# [Problem description]
Using the data below, transcribe exactly everything from the line that contains "National Security and" down to the line that contains "Enhance Your Space". Include both of those lines and none of the pictures.

# [Source information]
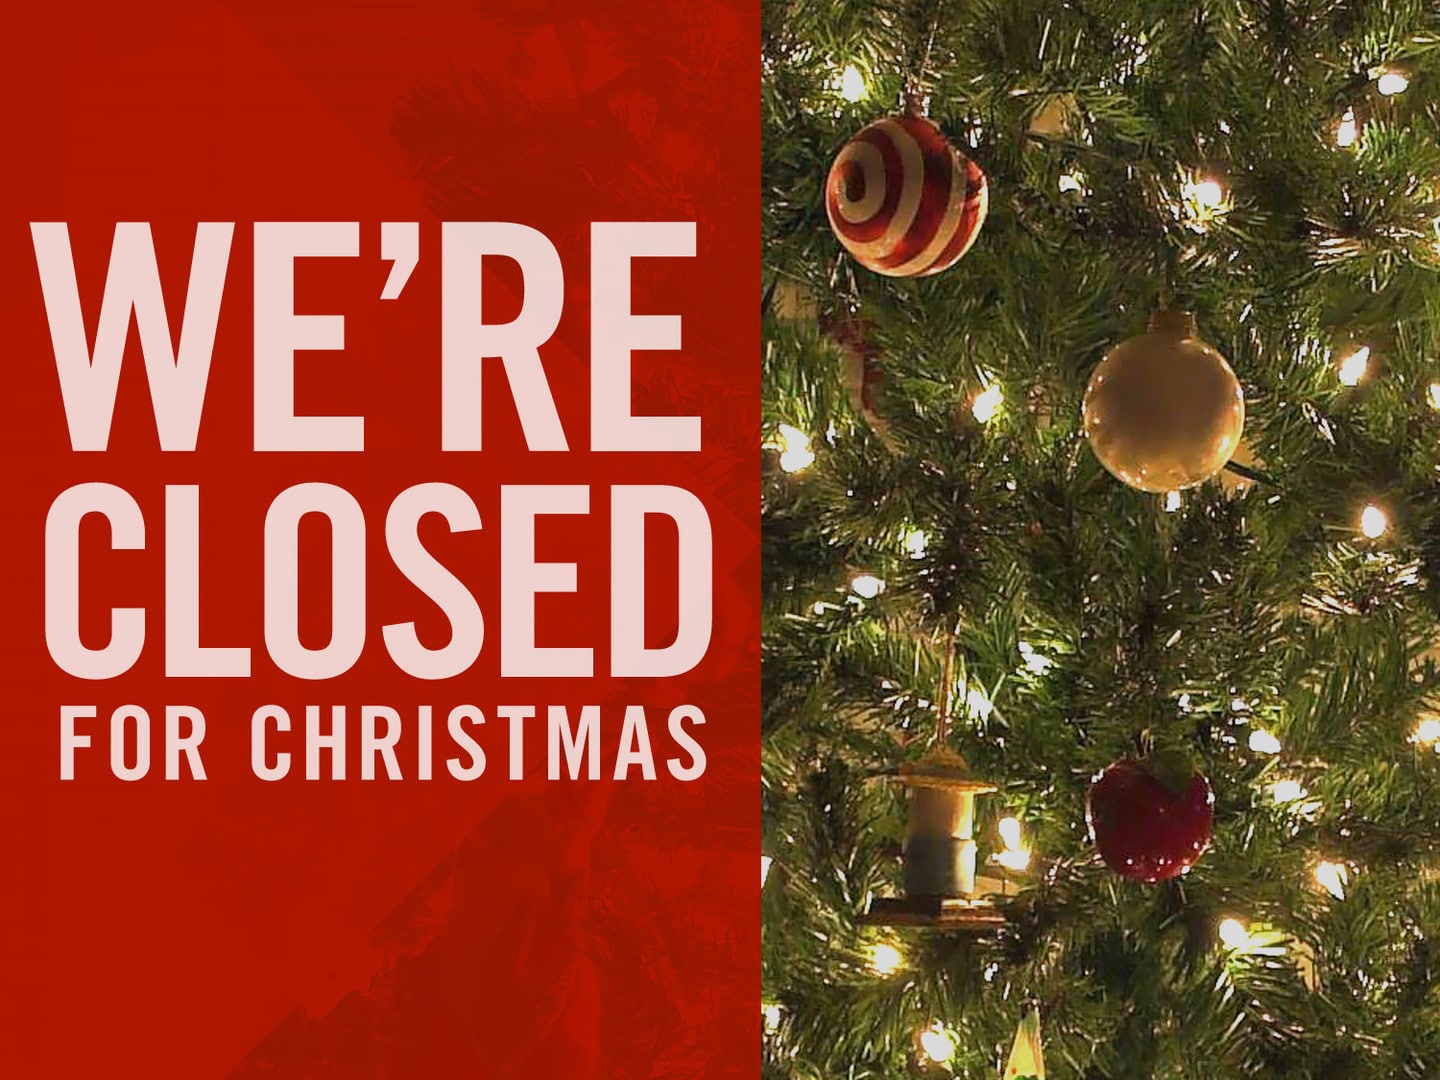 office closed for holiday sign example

* * *

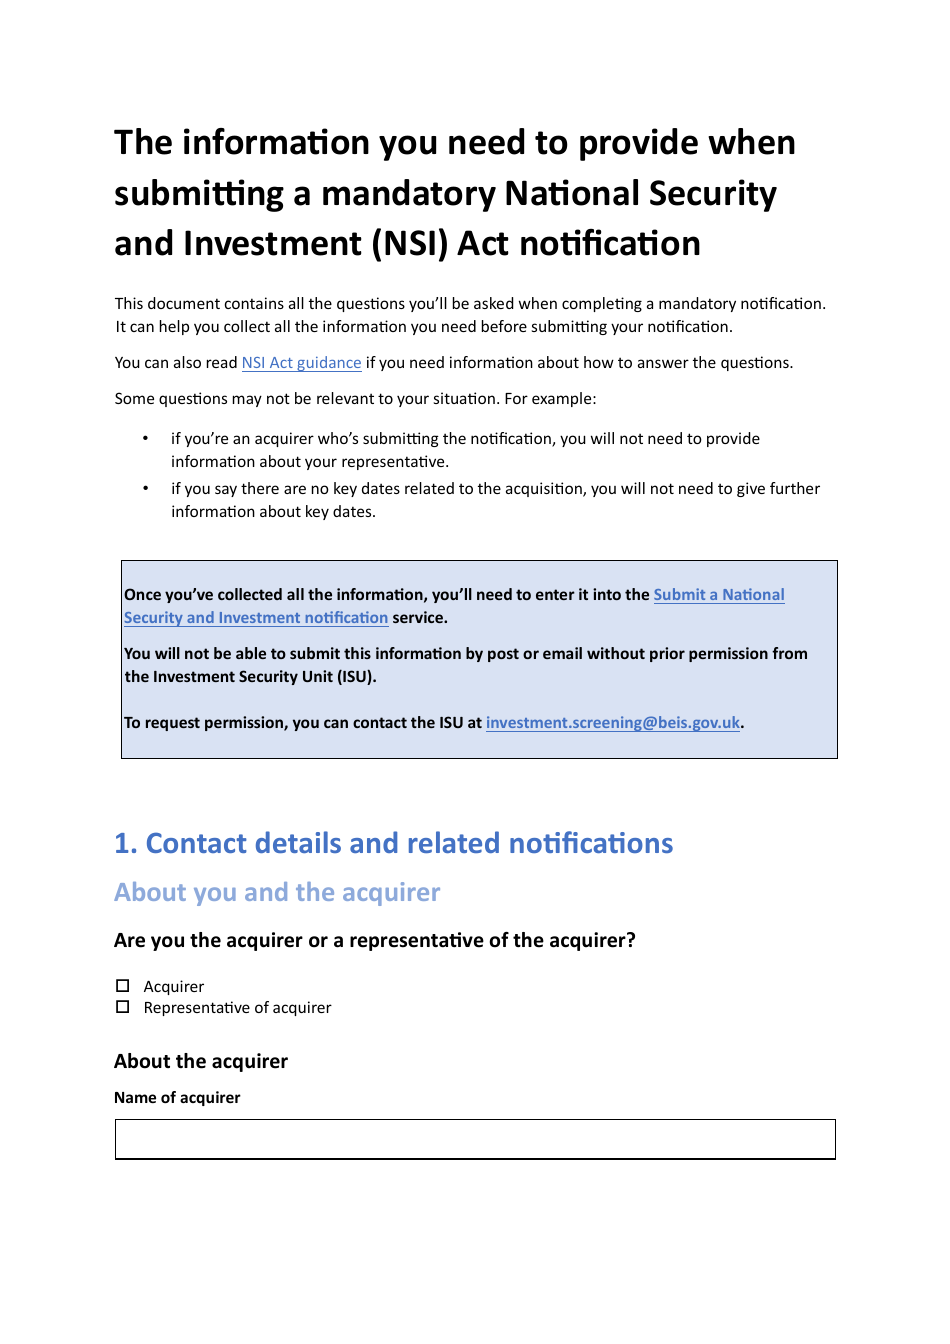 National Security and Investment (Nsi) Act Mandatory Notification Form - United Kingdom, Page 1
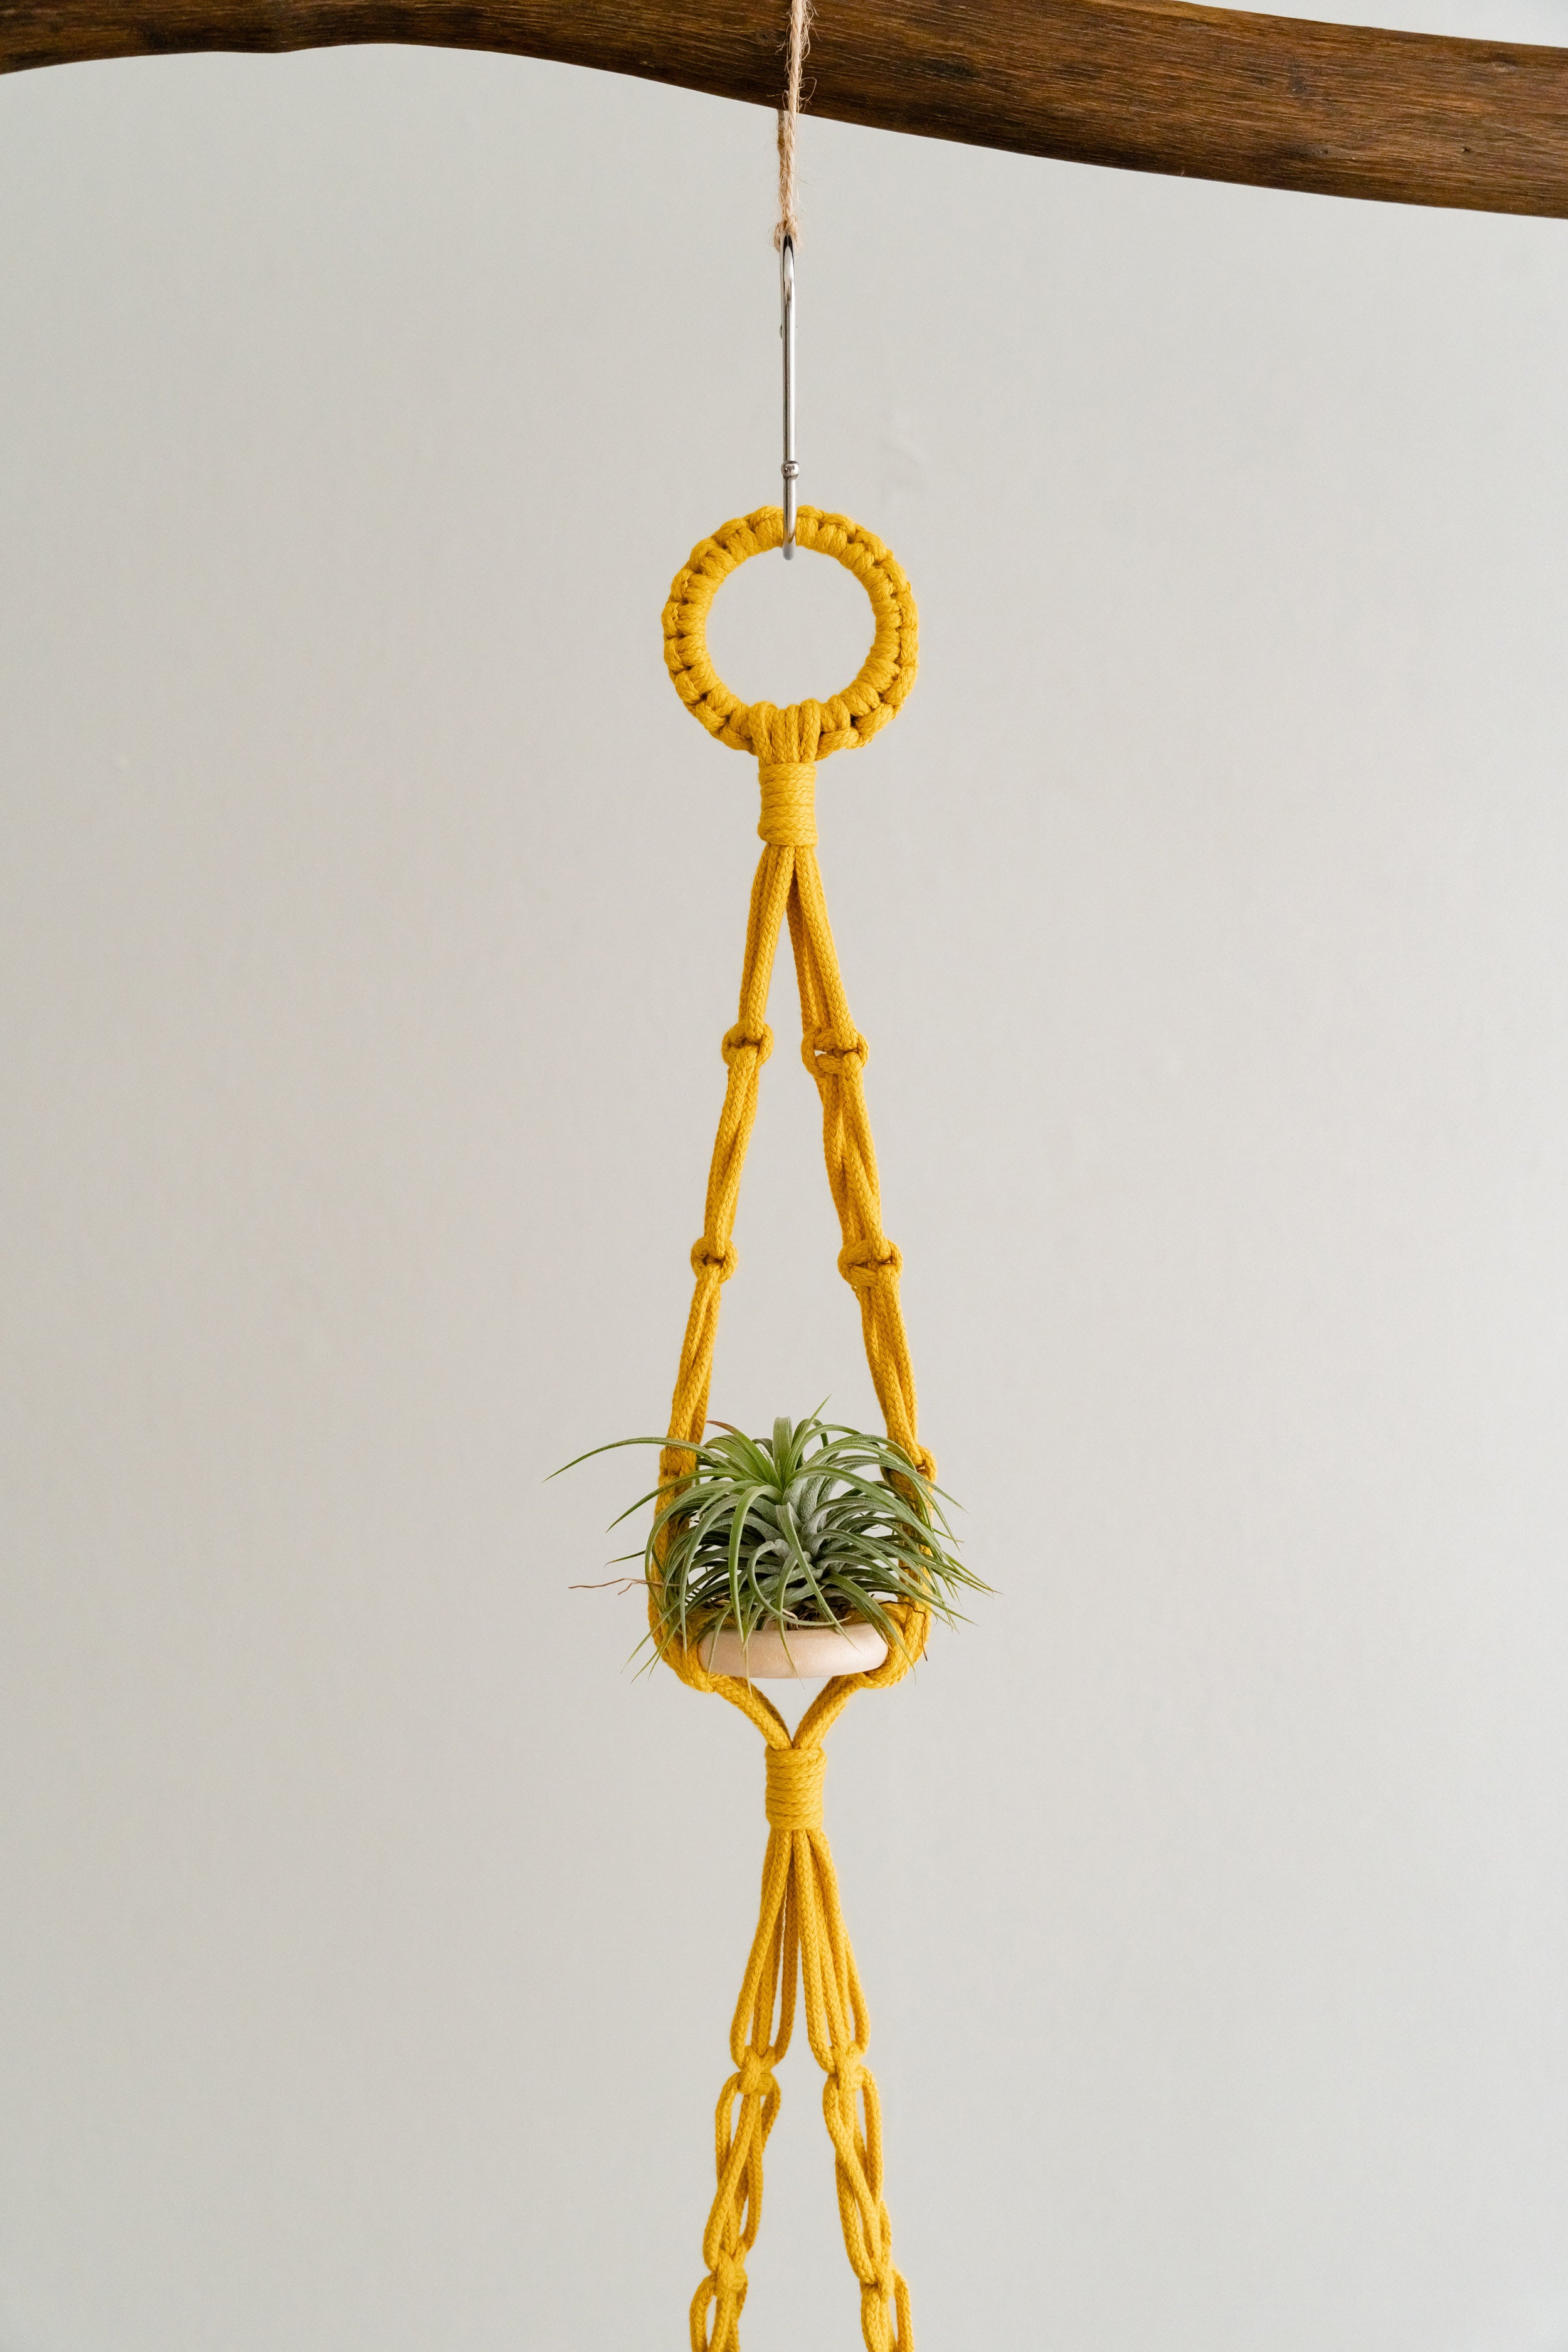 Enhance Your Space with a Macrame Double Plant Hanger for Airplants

* * *

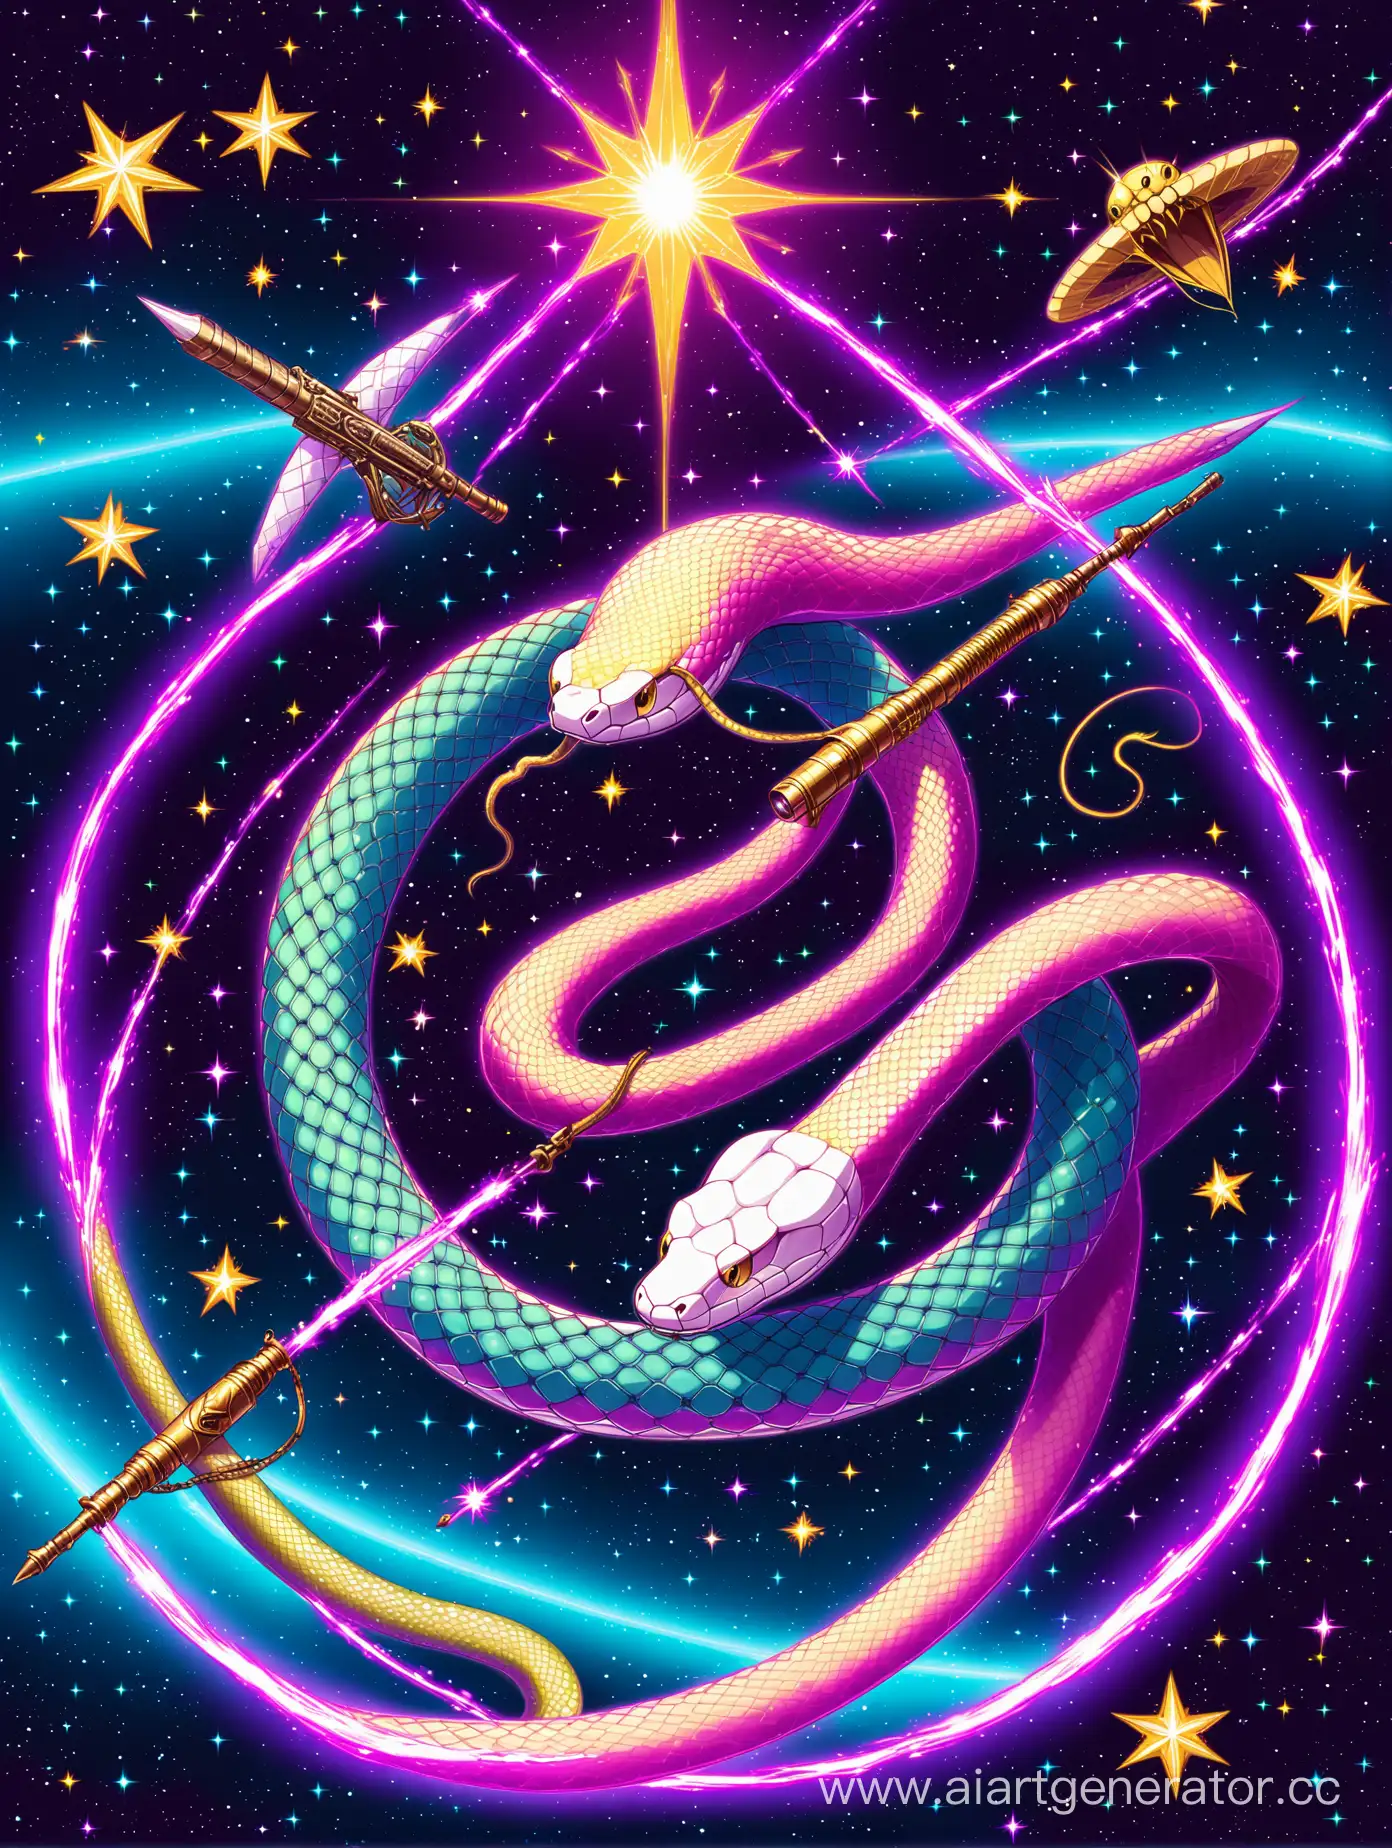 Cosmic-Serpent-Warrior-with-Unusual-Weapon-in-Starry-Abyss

# [Exercise output]
 National Security and Investment (Nsi) Act Mandatory Notification Form - United Kingdom, Page 1
 Enhance Your Space with a Macrame Double Plant Hanger for Airplants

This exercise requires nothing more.